17 декабря. На настойчивый вопрос – неужели ничто не покоится? – Зенон ответил: «Да, летящая стрела покоится».
Если бы французы по характеру своему были немцами, как бы тогда восхищались ими немцы!
То, что я так много отложил и повычеркивал – а это я сделал почти со всем, что вообще написал в этом году, – тоже очень мешает мне при писании. Ведь это целая гора, в пять раз больше того, что я вообще когда-либо написал, и уже одной массой своей она прямо из-под пера притягивает к себе все, что я пишу.
18 декабря. Не будь несомненным то обстоятельство, что причина оттягивания момента распечатывания письма (предположительно даже столь незначительного содержания, как только что полученное) заключается лишь в слабости и трусости, заставляющих медлить с распечатанием письма так же, как медлишь открыть дверь комнаты, где кто-то, может быть, уже нетерпеливо тебя дожидается, – тогда это можно было бы еще лучше объяснить основательностью. Если предположить, что я человек основательный, тогда я должен пытаться растягивать все, что касается письма, то есть медленно его открывать, медленно и многажды прочитывать, долго размышлять, подготавливать несколько вариантов ответа, прежде чем переписать его набело, и, наконец, еще помедлить с отправкой. Все это в моей власти, вот только избежать внезапности получения письма нельзя. Но и это я замедляю искусственным образом, долго не открываю письмо, оно лежит предо мною на столе, все время предлагая себя, я все время получаю его, однако не беру в руки.
Эстет
Вечер, половина двенадцатого. То, что я, пока не освобожусь от канцелярии, попросту потерян, это мне яснее ясного, речь только о том, чтобы как можно дольше держать голову кверху, дабы не утонуть. Насколько это будет трудно, сколько сил это из меня вытянет, видно уже по тому, что сегодня я не выдержал своего нового расписания – с 8 до 11 вечера сидеть за письменным столом, и что сейчас я даже не считаю это таким уж большим несчастьем, и что я торопливо записал лишь эти несколько строк прежде, чем лечь в постель.

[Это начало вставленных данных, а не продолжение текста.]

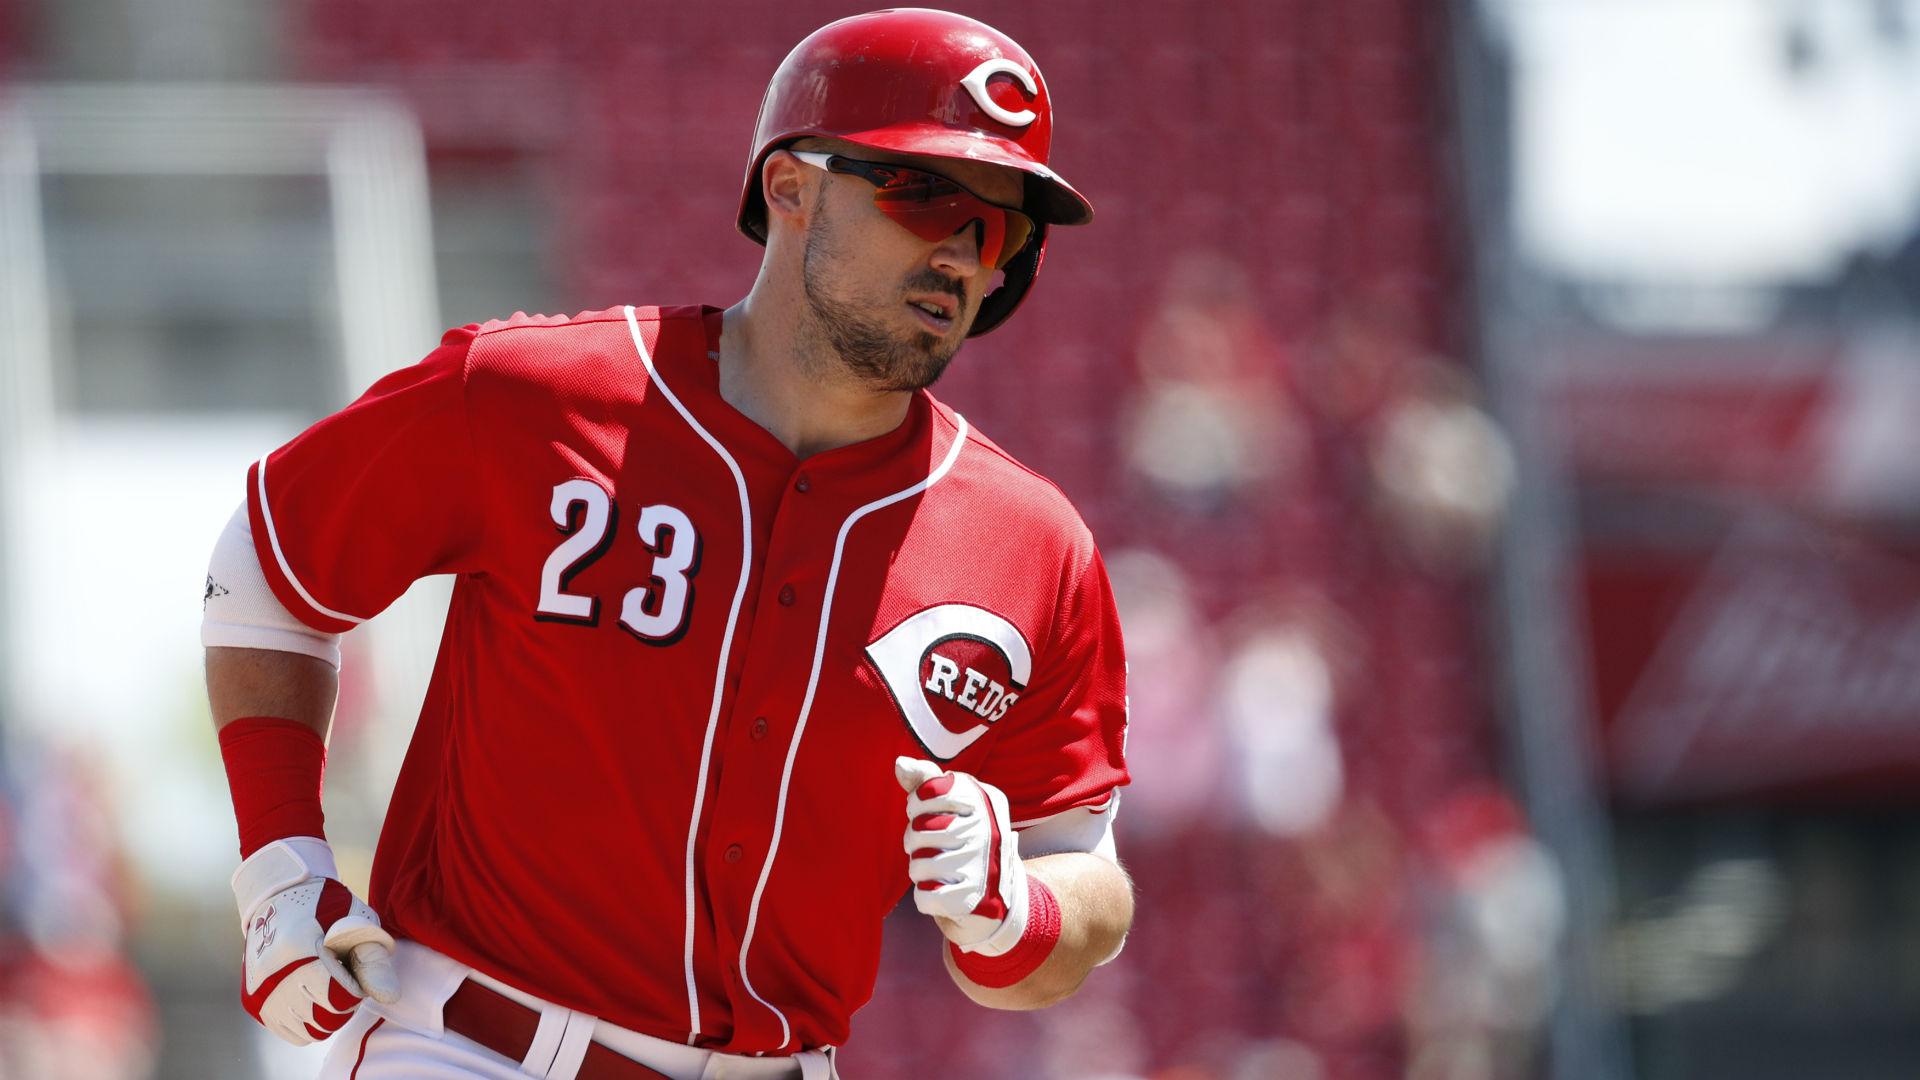 MLB trade rumors: Reds outfielder Adam Duvall drawing interest despite down season

19 ДЕКАБРЯ. Начал ходить на службу. После обеда был у Макса. Почитал немного дневники Гете. Время уже излило покой на эту жизнь, дневники озаряют ее светом. Ясность всех событий делает их таинственными, так же как парковая ограда при созерцании больших лужаек успокаивает глаз и вместе с тем вселяет в нас преувеличенное почтение.
Только что пришла к нам впервые моя замужняя сестра.
20 ДЕКАБРЯ. Чем оправдаю я вчерашнее замечание о Гете (которое почти столь же неверно, как и отмеченное записью чувство, ибо подлинное было развеяно приходом сестры)? Ничем. Чем оправдаю я то, что сегодня еще ничего не написал? Ничем. Тем более что мое состояние не наихудшее. У меня в ушах все время звучит призыв: «Приди ж, незримый суд!»
Для того чтобы мне наконец дали покой эти фальшивые места, ни за что не желающие убираться из истории, я два из них перепишу: «Его вдохи были громкими, как вздохи по поводу сна, в котором несчастье легче перенести, чем в нашем мире, так что простые вдохи уже сами по себе вздохи».
Теперь я окидываю это взглядом с такой же легкостью, с какой окидывают взглядом головоломку, говоря: «Какое это имеет значение, если я не могу загнать шарики в их лунки, ведь все принадлежит мне, стакан, доска, шарики и что еще тут есть; все это искусство я попросту могу сунуть в карман».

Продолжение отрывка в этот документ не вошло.